Based on that experience I have come to one key, but maybe, counter-intuitive truth about interchange formats:
- Too much freedom is bad.
Why? Generating interchange data is cheaper than consuming it, because the creator only needs to consider the stuff they want to include, whereas the consumer needs to consider every single possible edge case and or scenario the format itself can support.
This is why XML is WAY more costly to ingest than CSV, because in XML someone is going to use: attributes, CDATA, namespaces, comments, different declaration, includes, et al. In CVS they're going to use rows, a format separator, and quotes (with or without escaping). That's it. That's all it supports.

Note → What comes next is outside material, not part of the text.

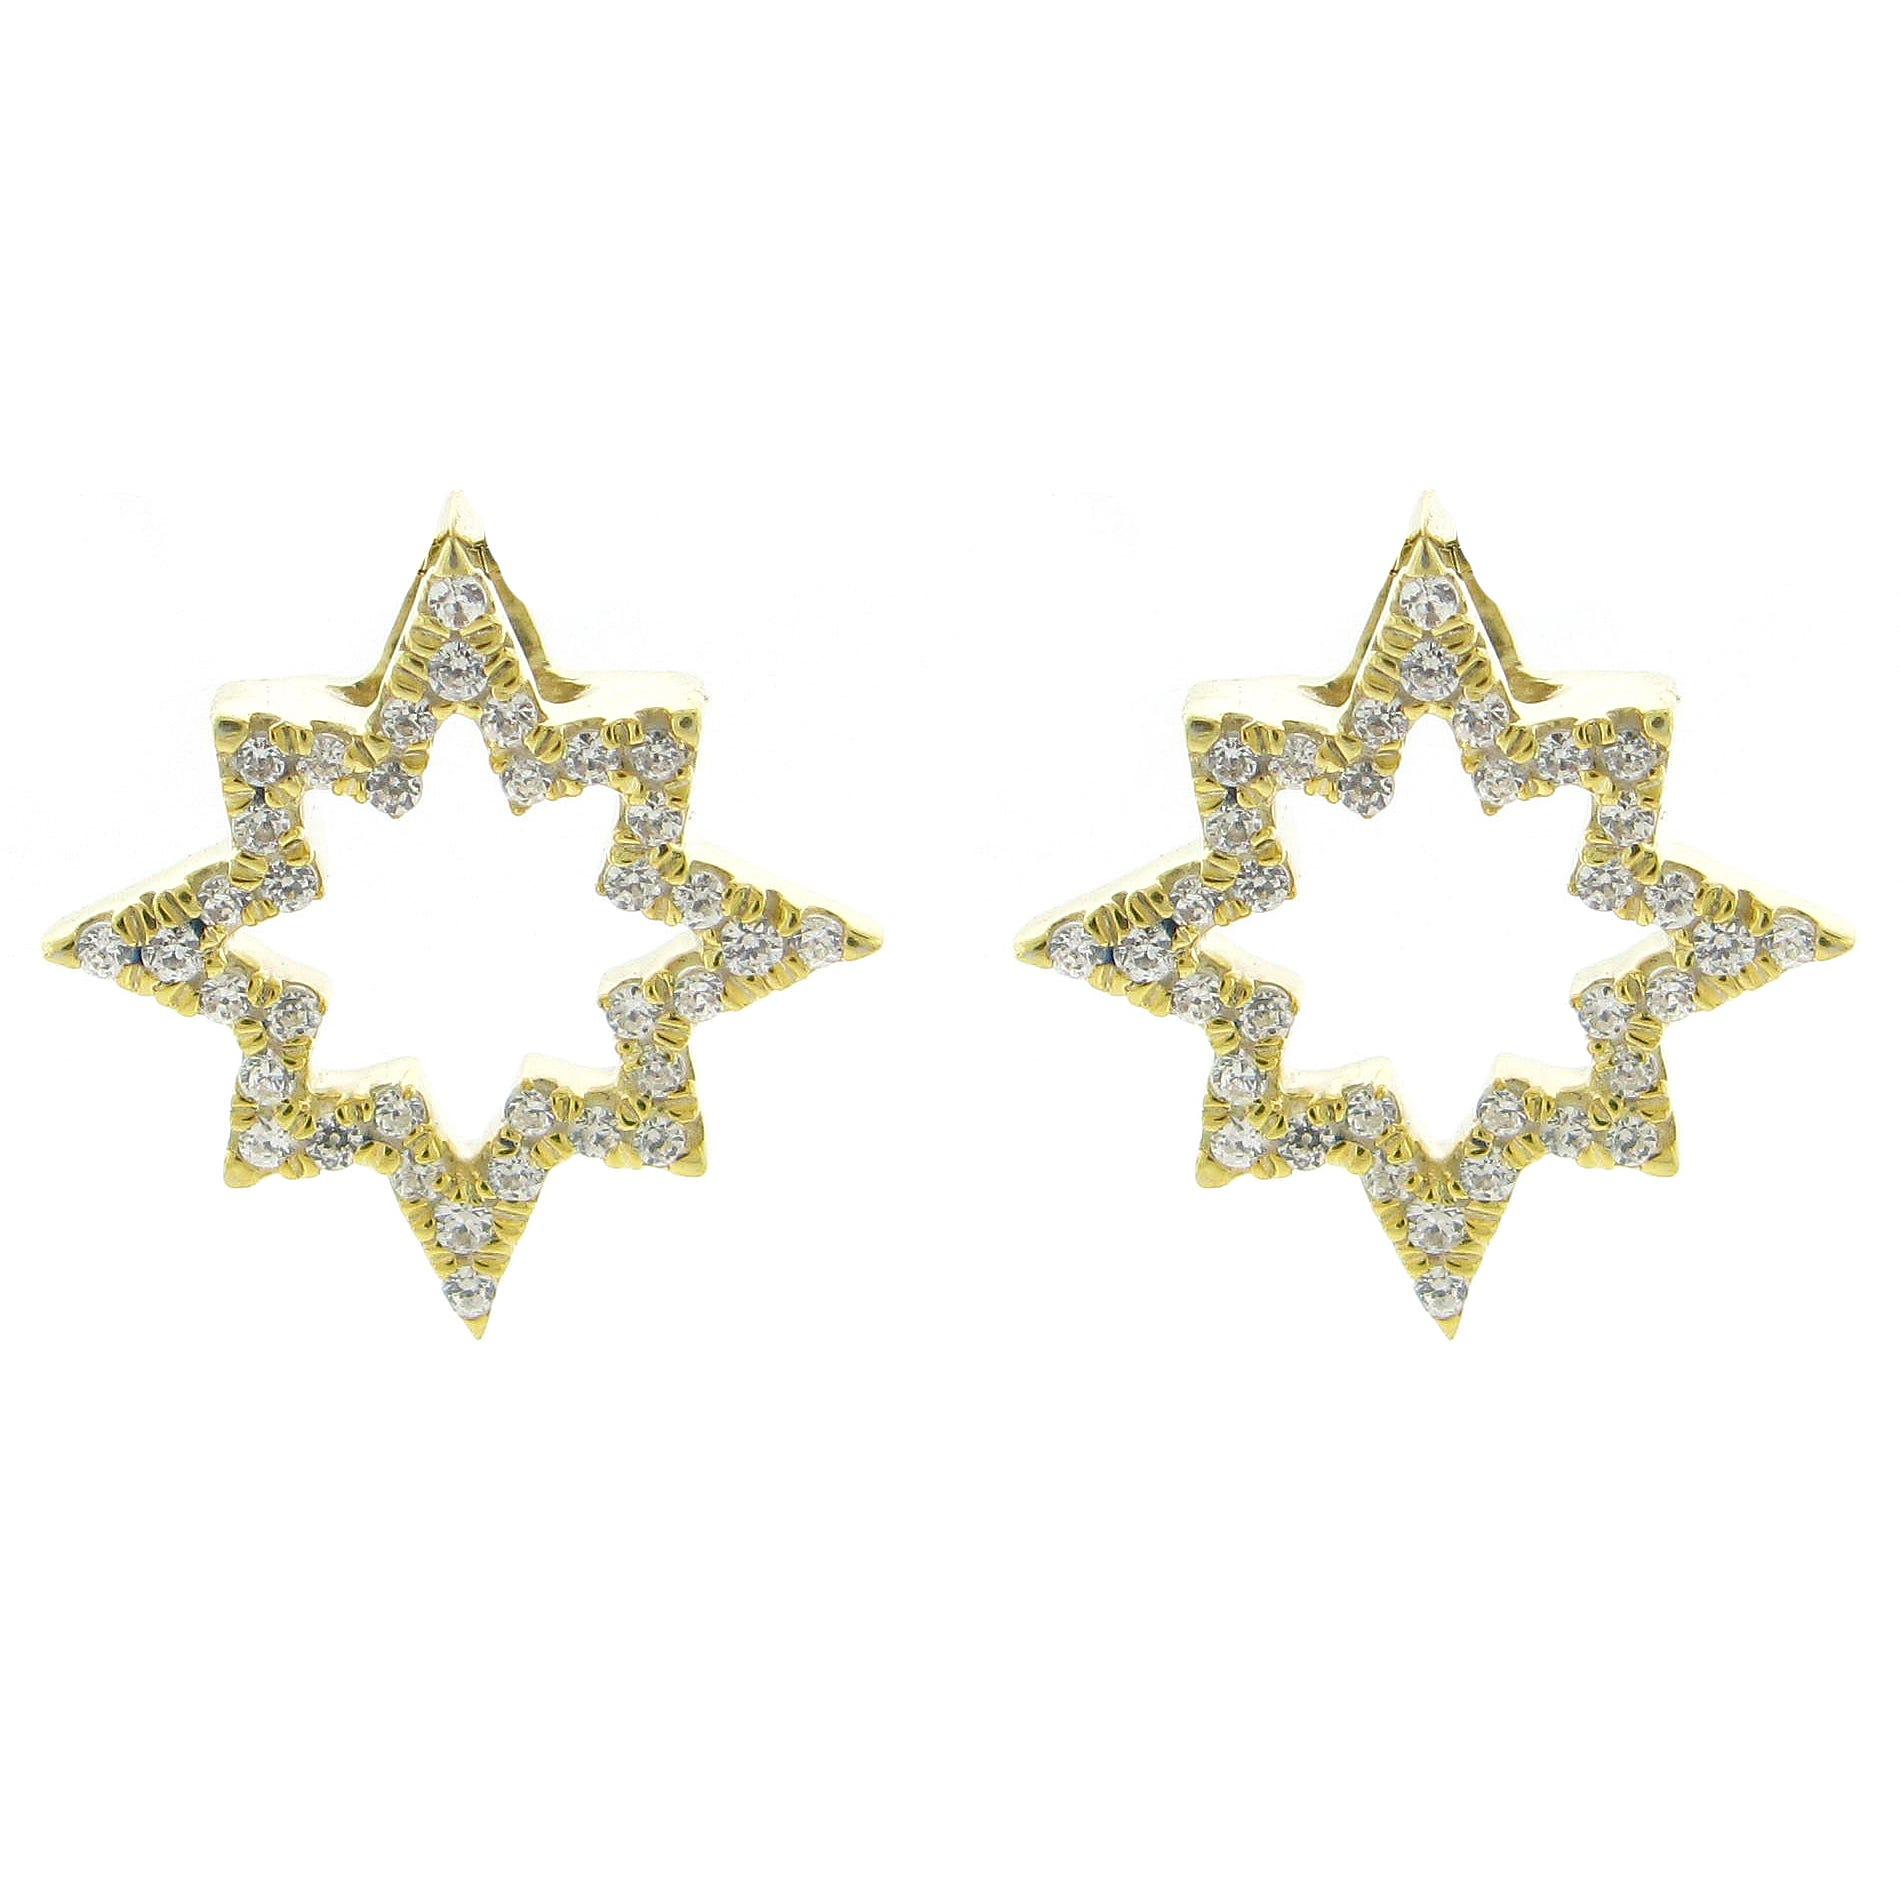 Open Diamond 1/4ctw. Starburst Stud Fashion Earrings in 10k Yellow Gold

Sqlite as an interchange format is a HORRIFYING suggestion, because every single feature Sqlite supports may need to be supported by consumers. Even if you curtailed Sqlite's vast feature set, you've still created something vastly more expensive to consume than XML, which itself is obnoxious.
My favorite interchange formats are, in order:
- CVS, JSON (inc. NDJSON), YAML, XML, BSON (due to type system), MessagePack, Protobuf, [Giant Gap] Sqlite, Excel (xlsx, et al)
More features mean more cost, more edge cases, more failures, more complex consumers. Keep in mind, this is ONLY about interchange formats between two parties, I have wildly different opinions about what I would use for my own application where I am only ever the creator/consumer, I actually love Sqlite for THAT.